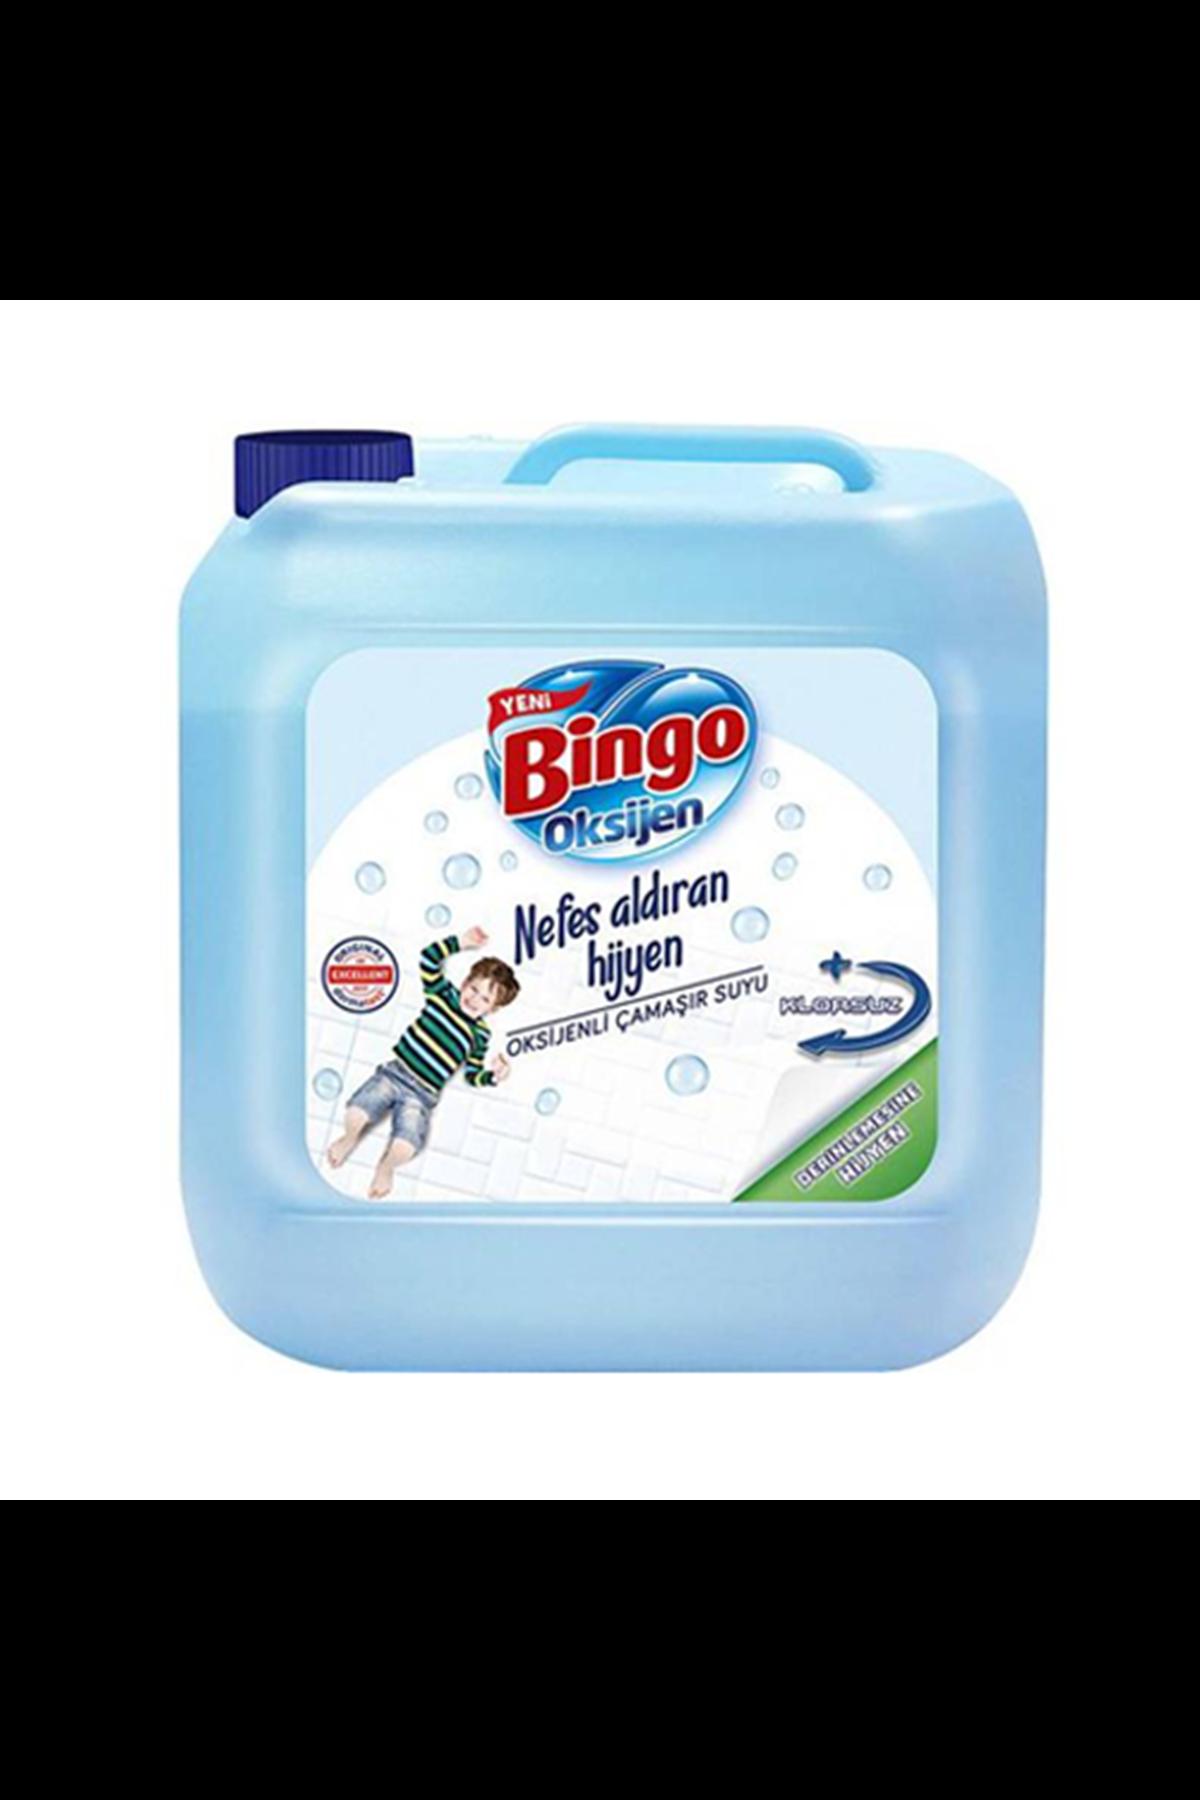 Bingo Oksijen Çamaşır Suyu Parfümsüz 3240 Ml
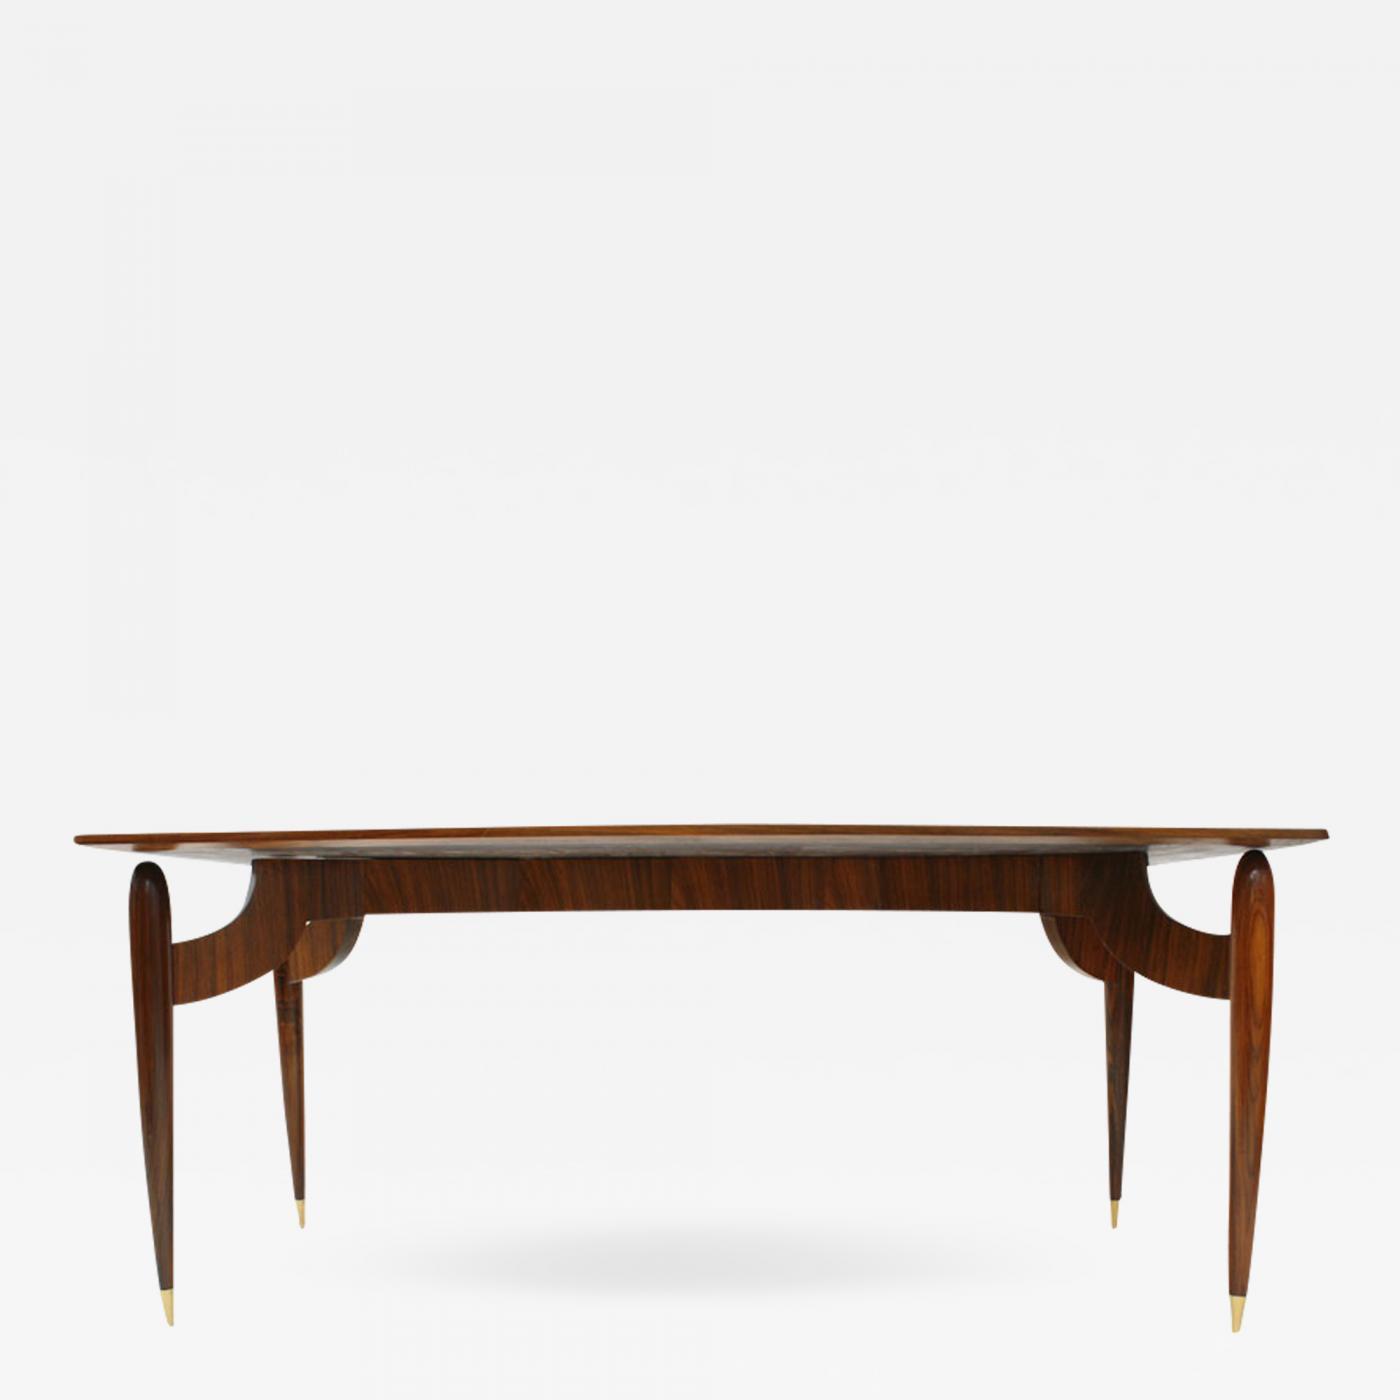 Magnificent Carlo Mollino In The Style Of Carlo Mollino Mid Century Rosewood Dining Table Italy 1950S Inzonedesignstudio Interior Chair Design Inzonedesignstudiocom
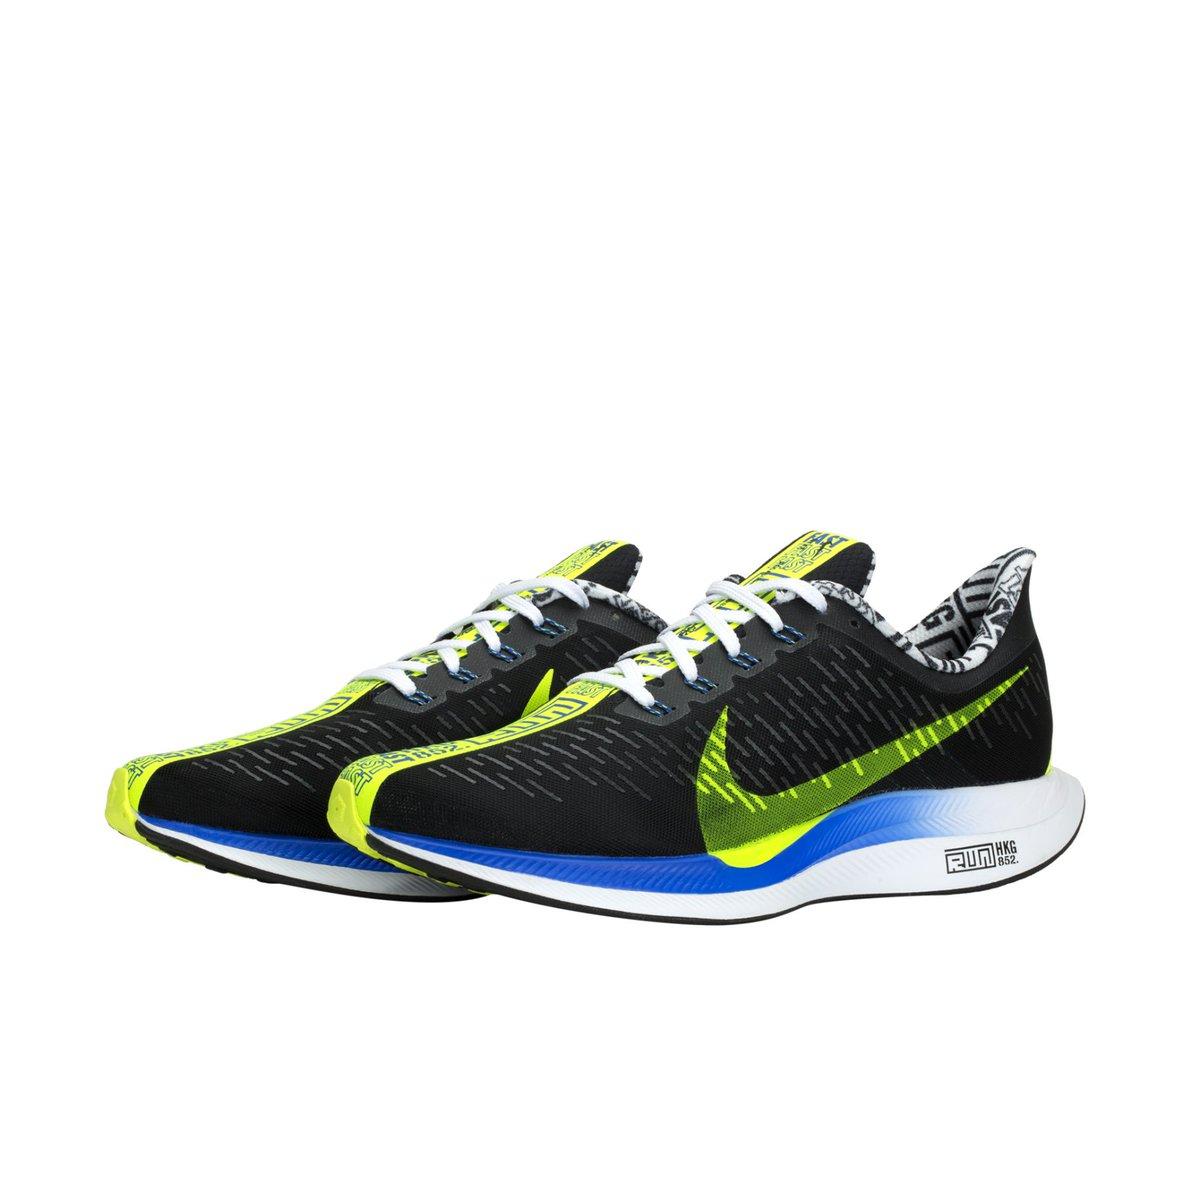 "5a961e25dc341 An official look at the Nike Zoom Pegasus 35 Turbo GC ""Hong Kong Marathon  2019""pic.twitter.com UH4sLZX8w7"

※

Task brief —
Take the whole listing above and copy it exactly. Pictures do not go into the copy.

Expected output —
 Bingo Oksijen Çamaşır Suyu Parfümsüz 3240 Ml
 Magnificent Carlo Mollino In The Style Of Carlo Mollino Mid Century Rosewood Dining Table Italy 1950S Inzonedesignstudio Interior Chair Design Inzonedesignstudiocom
 "5a961e25dc341 An official look at the Nike Zoom Pegasus 35 Turbo GC ""Hong Kong Marathon  2019""pic.twitter.com UH4sLZX8w7"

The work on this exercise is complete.